Please join us this Friday as Julian Grove from the Linguistics Department presents more work on presuppositions.
Date and time: Friday, January 19, 11:00 a.m. – 12:50 p.m.
Location: Stuart 209 (Philosophy seminar room)
Title: Presuppositions as scope-takers
Abstract:
According to satisfaction-based accounts of presupposition, an expression’s presuppositions project out of a context surrounding the expression only if that context doesn’t satisfy (i.e., entail) the presuppositions. For example, the existence presupposition triggered by ‘his children’ in (1)
(1) If John has children, then his children are bald.
doesn’t project because the context provided by (1) itself is taken to include the information satisfying this presupposition contained in the antecedent.
One apparent difficulty for a standard satisfaction framework, like the one of Heim (1983; 1992), is that presuppositions are always assessed against their local contexts, which are determined through semantic compositional rules by the immediate syntactic contexts of their triggers. For example, apparently neither (2) nor (3) has presuppositions.
(2) Mary believes John read the book, and she believes he regrets reading it.
(3) John read the book, and Mary believes he regrets reading it.
But Heim (1992) predicts, based on the semantics alone, that the second conjuncts of (2) and (3) presuppose that Mary believes John read the book, not that he in fact read it; hence, while (2) should be presupposition-free, the same status for (3) requires extra explanation. Intuitively, we would like to say of the presuppositions in (3) that they are assessed, not in the local context provided by Mary’s beliefs, but against the common ground. It is as though they have QR’d:
[John read the book, and [“I’m the presupposition triggered by ‘regret’! Satisfy me here!”]_i [Mary believes he t_i regrets reading it]]

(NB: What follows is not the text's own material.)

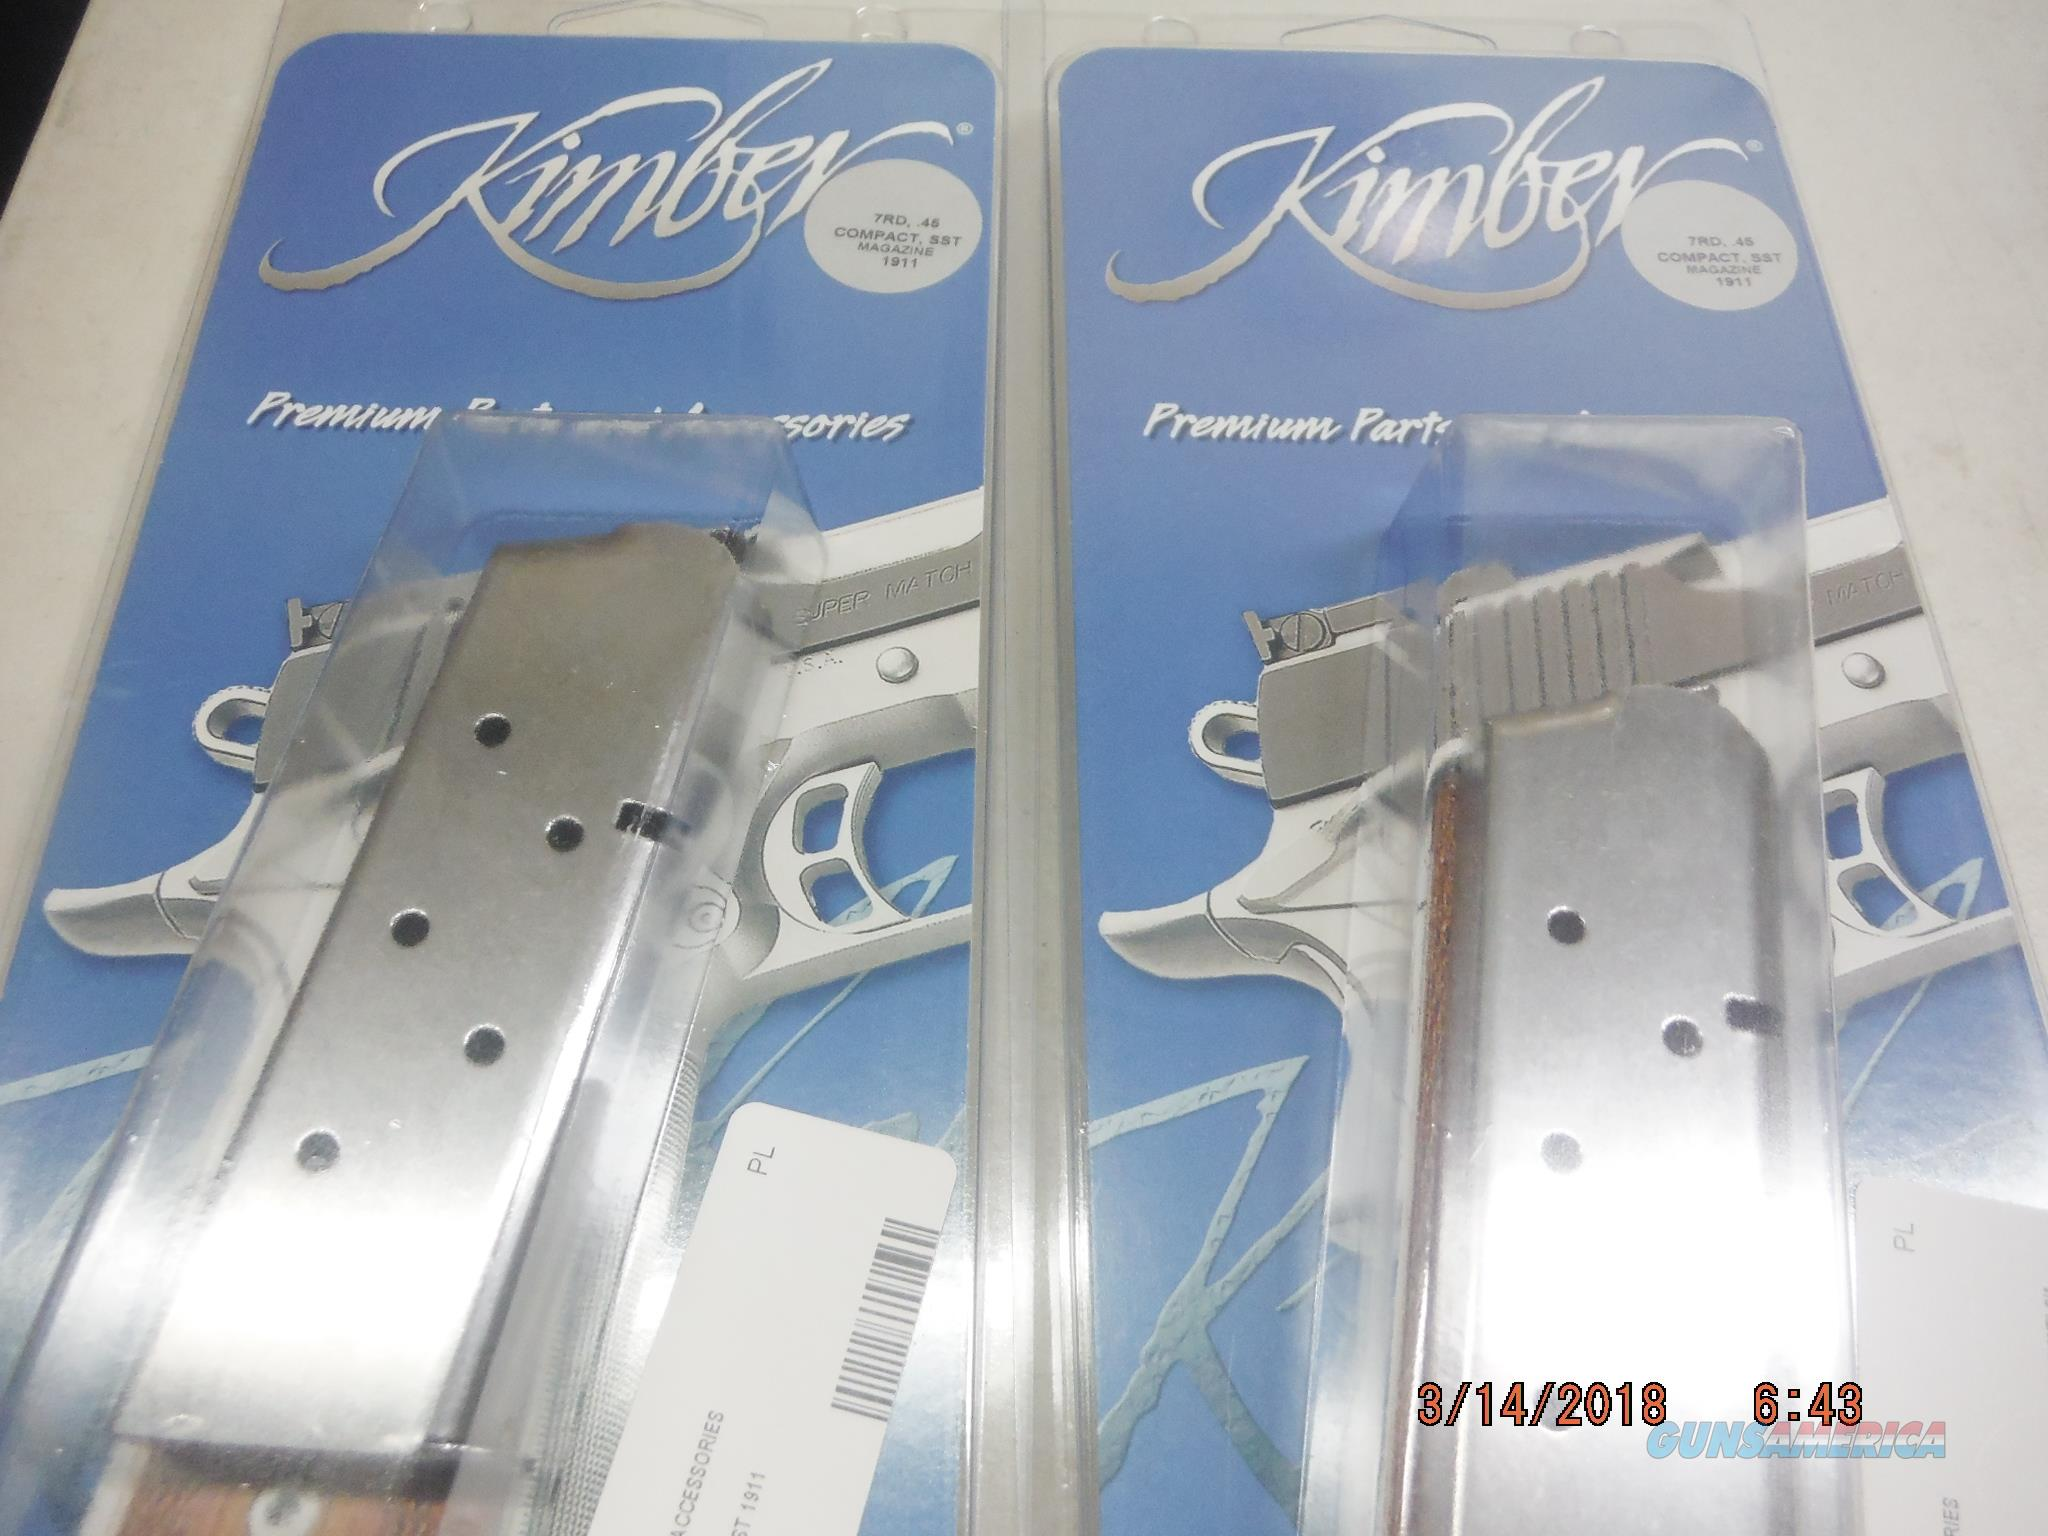 2 KIMBER 1911 Compact Mag 45 ACP 7Rd SS Factory Kimber  Non-Guns > Magazines & Clips > Pistol Magazines > 1911

In this talk, I argue that the scope-taking behavior of presuppositions falls out naturally from a treatment of them in terms of graded monads. This treatment follows the work of Shan (2001; 2005) and Charlow (2014), who use (non-graded) monads in analyzing various other linguistic phenomena that appear to exhibit scopal side-effects. As a result, presuppositions can be handled through run-of-the-mill compositional principles (like functional application) enriched with a small set of operations for handling presupposition. I present analyses, within the monadic framework, of presupposition filtering in discourse-update and conditionals. Finally, I argue that allowing presuppositions to take scope allows for a natural response to Geurts’s (1996) “proviso problem”.